▸ **Input data**
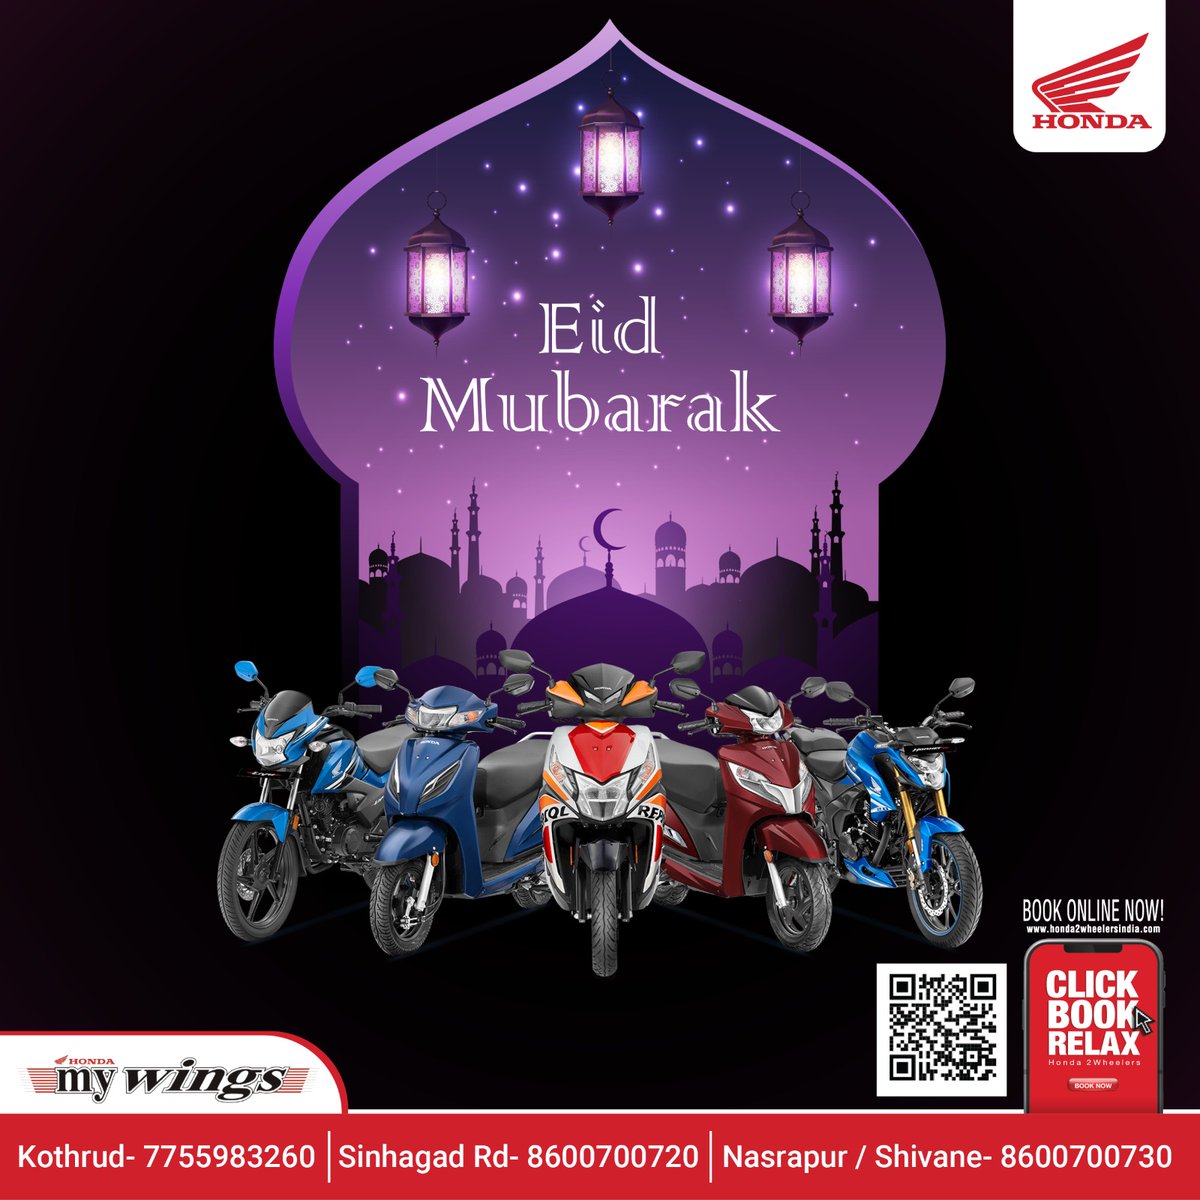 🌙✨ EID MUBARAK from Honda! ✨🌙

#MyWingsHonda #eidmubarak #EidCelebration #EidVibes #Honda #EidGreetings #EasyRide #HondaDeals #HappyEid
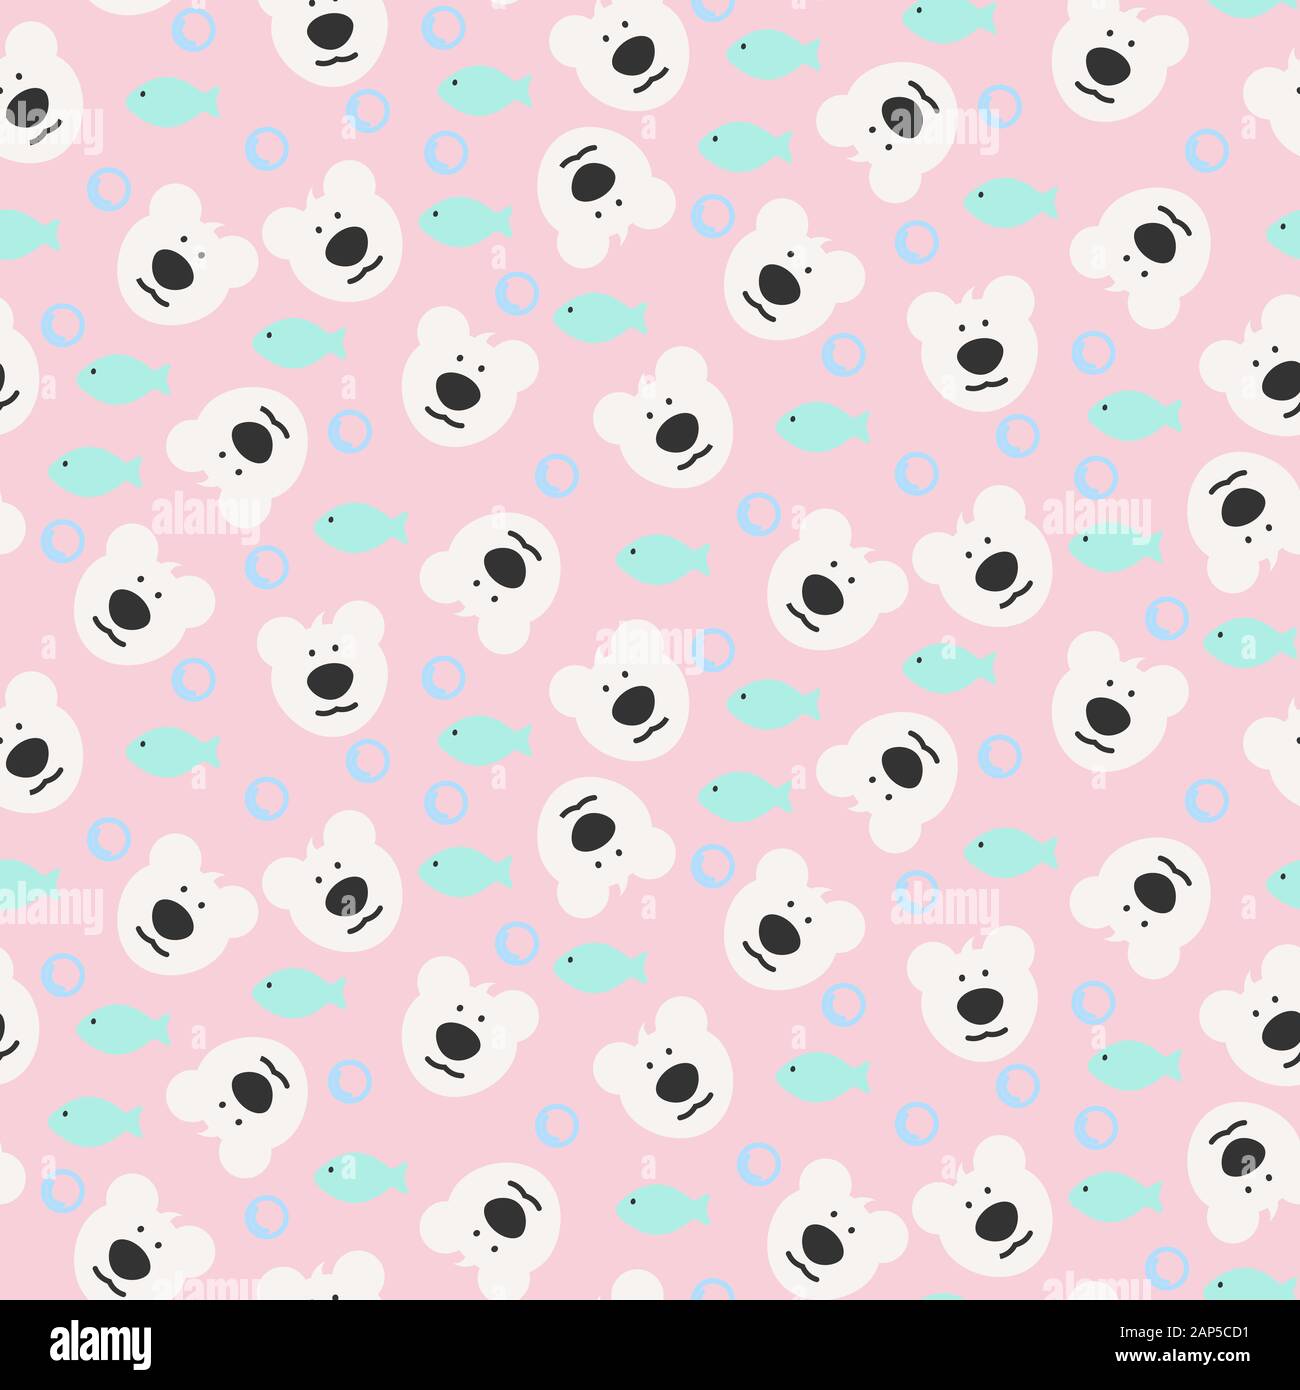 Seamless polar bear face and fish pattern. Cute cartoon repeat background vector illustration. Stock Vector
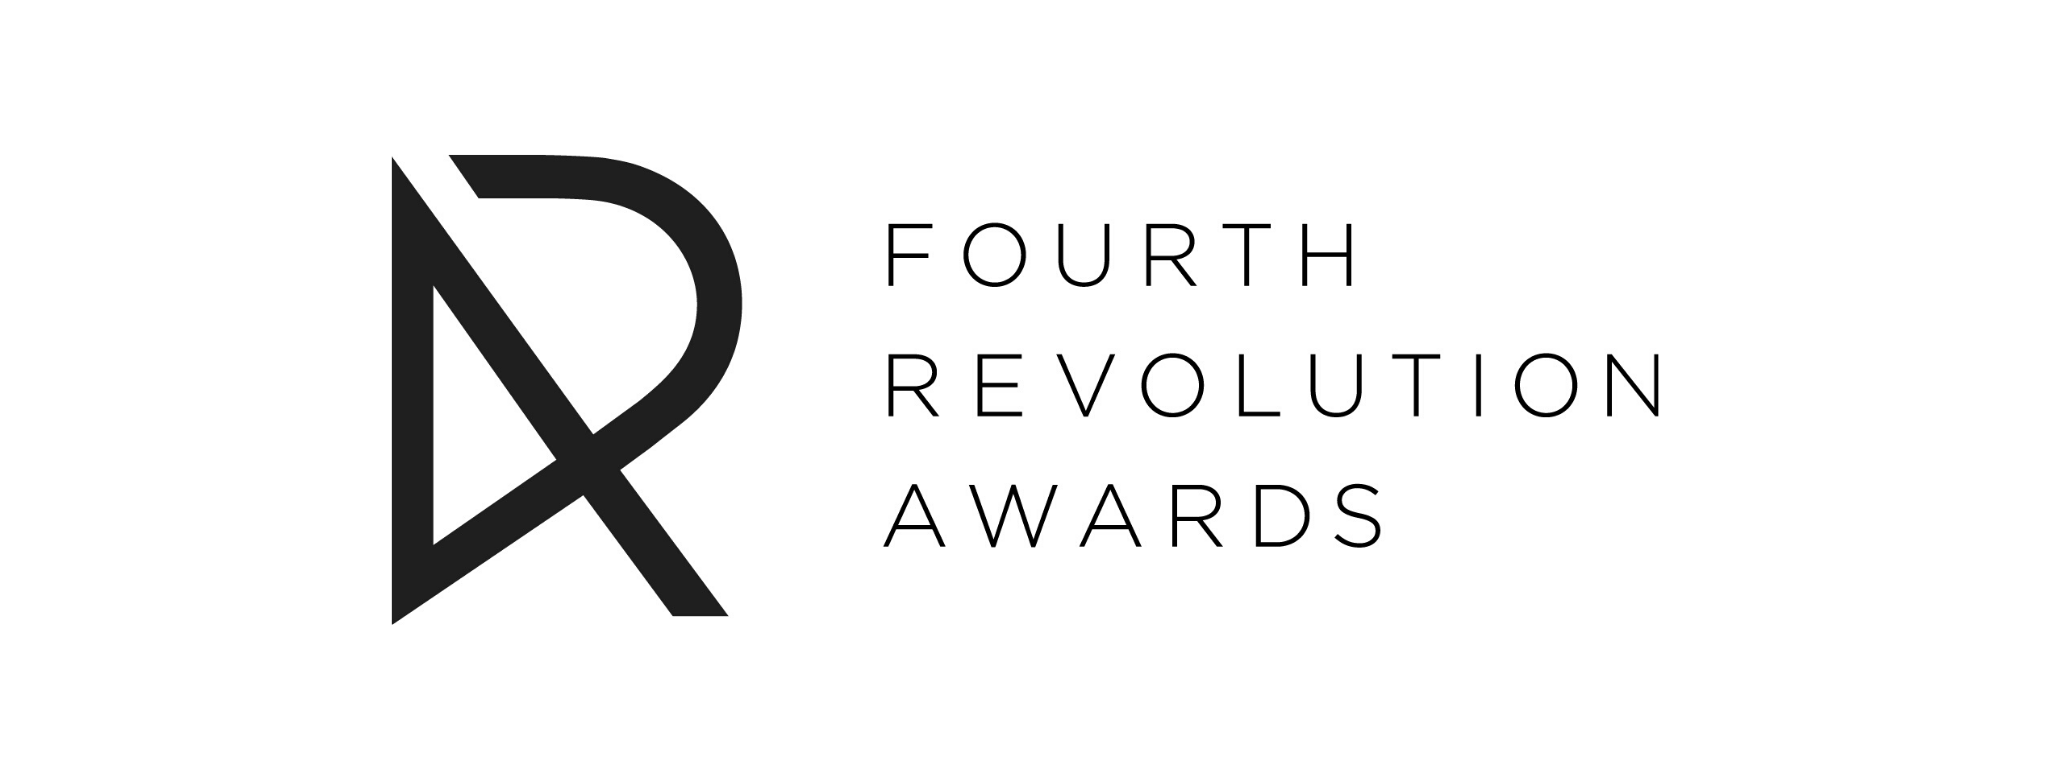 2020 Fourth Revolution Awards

▸ **Work required**
Copy the line showing "Seamless polar bear" exactly, along with each line after it through the end of the material above. Pictures stay out.

▸ **Final answer**
 Seamless polar bear face and fish pattern. Cute cartoon repeat background vector illustration. Stock Vector
 2020 Fourth Revolution Awards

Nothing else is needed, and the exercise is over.